На Джукджуре всего более отличился мой слуга Тимофей. Только что тронулся на крутизну наш караван и каменья зажурчали под ногами лошадей, вдруг Тимофей рванулся вперед и понесся в гору впереди всех. Он обогнал вьючных лошадей, обогнал проводников, даже собаку, и всё еще, с распростертыми руками, в каком-то испуге, несся неистово в гору. «Тимофей! куда ты? с ума сошел! — кричал я, изнемогая от усталости, — ведь гора велика, успеешь устать!» Но он махнул рукой и несся всё выше, лошади выбивались из сил и падали, собака и та высунула язык; несся один Тимофей. Наконец он и наши верховые лошади вбежали на вершину горы и в одно время скрылись из виду. «Зачем это ты?» — спросил я потом. «Однажды…» — начал он и не мог продолжать, задохся и уже на станции рассказал. «Зачем ты бежал так вверх?» — спросил я.
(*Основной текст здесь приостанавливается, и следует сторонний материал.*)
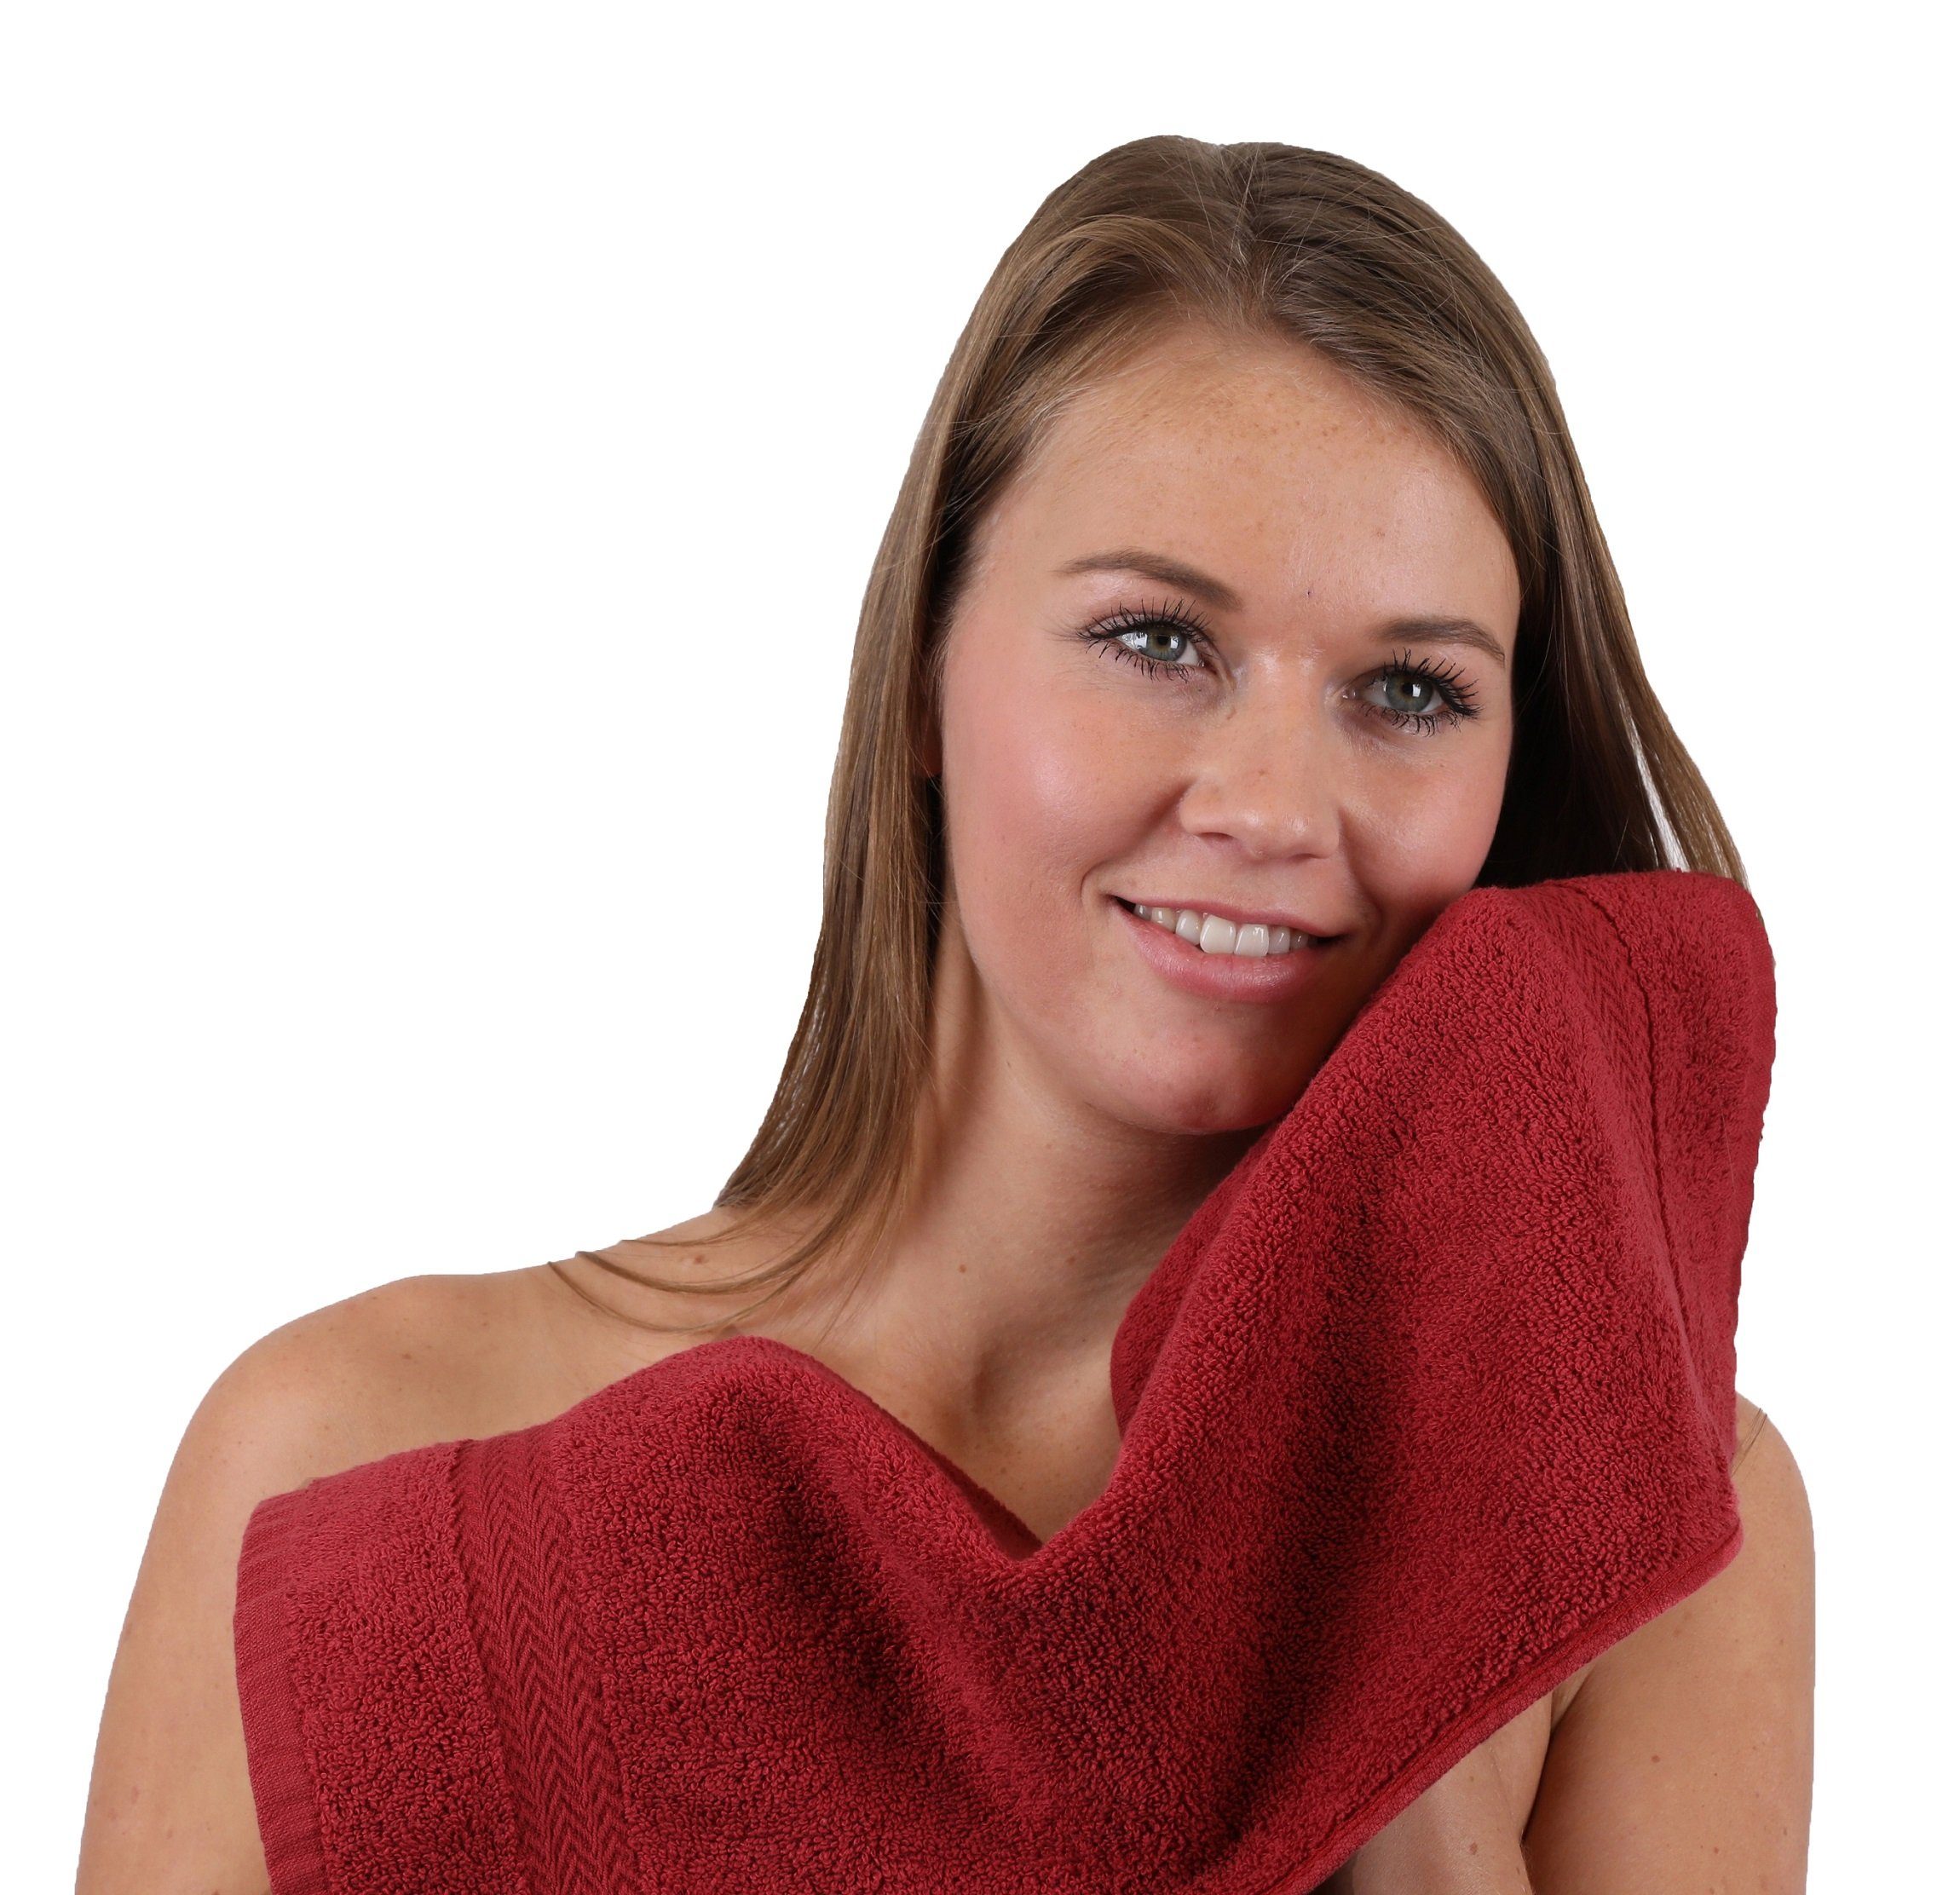 Handtuch Set Betz (10-tlg) Baumwolle, & 100% 10-TLG. Handtuch-Set Farbe Premium Smaragdgrün, Dunkelrot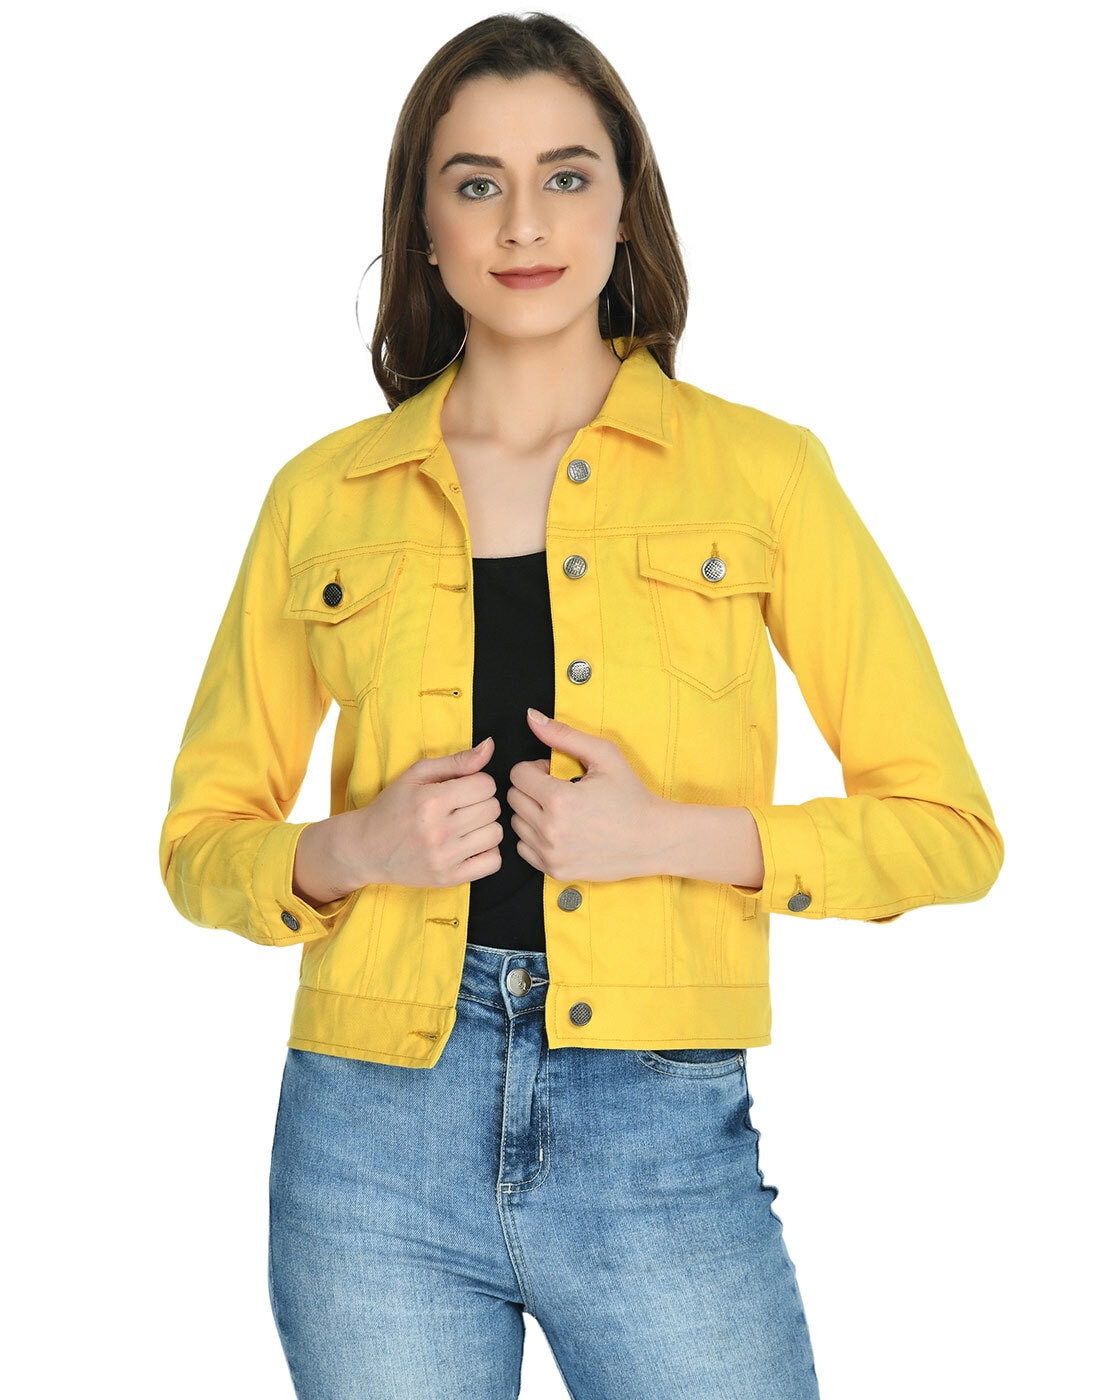 Buy Men's Yellow & Black Color Block Hooded Denim Jacket Online at Bewakoof

Он, помолчав немного, начал так: «Однажды я ехал из Буюкдерэ в Константинополь и на минуту слез… а лошадь ушла вперед с дороги: так я и пришел пешком, верст пятнадцать будет…» — «Ну так что ж?» — «Вот я и боялся, — заключил Тимофей, — что, пожалуй, и эти лошади уйдут, вбежавши на гору, так чтоб не пришлось тоже идти пешком». — «Эти лошади уйдут!» — с горьким смехом воскликнул кучер Иван. А лошади, взойдя, стали как вкопанные и поникли головами.

Пустая юрта между Челасином и Маилом.

Вы, конечно, не удивляетесь, что я не говорю ни о каких встречах по дороге? Здесь никто не живет, начиная от Ледовитого моря до китайских границ, кроме кочевых тунгус, разбросанных кое-где на этих огромных пространствах. Даже птицы, и те мимолетом здесь. Зверей, говорят, много, но мы, кроме бурундучков и белок, других не видали. И слава Богу: встреча с медведем могла бы доставить удовольствие, а может быть, и некоторую выгоду — только ему одному: нас она повергла бы в недоумение, а лошадей в неистовый испуг.

Тоска сжимает сердце, когда проезжаешь эти немые пустыни. Спросил бы стоящие по сторонам горы, когда они и всё окружающее их увидело свет; спросил бы что-нибудь, кого-нибудь, поговорил хоть бы с нашим проводником, якутом; сделаешь заученный по-якутски вопрос: «Кась бироста ям?» («Сколько верст до станции?»). Он и скажет, да не поймешь, или «гра-гра» ответит («далеко»), или «чугес» («скоро, тотчас»), и опять едешь целые часы молча.

Выработанному человеку в этих невыработанных пустынях пока делать нечего. Надо быть отчаянным поэтом, чтоб на тысячах верст наслаждаться величием пустынного и скукой собственного молчания, или дикарем, чтоб считать эти горы, камни, деревья за мебель и украшение своего жилища, медведей — за товарищей, а дичь — за провизию.

Вчера мы пробыли одиннадцать часов в седлах, а с остановками — двенадцать с половиною. Дорога от Челасина шла было хороша, нельзя лучше, даже без камней, но верстах в четырнадцати или пятнадцати вдруг мы въехали в заросшие лесом болота. Лес част, как волосы на голове, болота топки, лошади вязли по брюхо и не знали, что делать, а мы, всадники, еще меньше. Переезжая болото, только и ждешь с беспокойством, которой ногой оступится лошадь.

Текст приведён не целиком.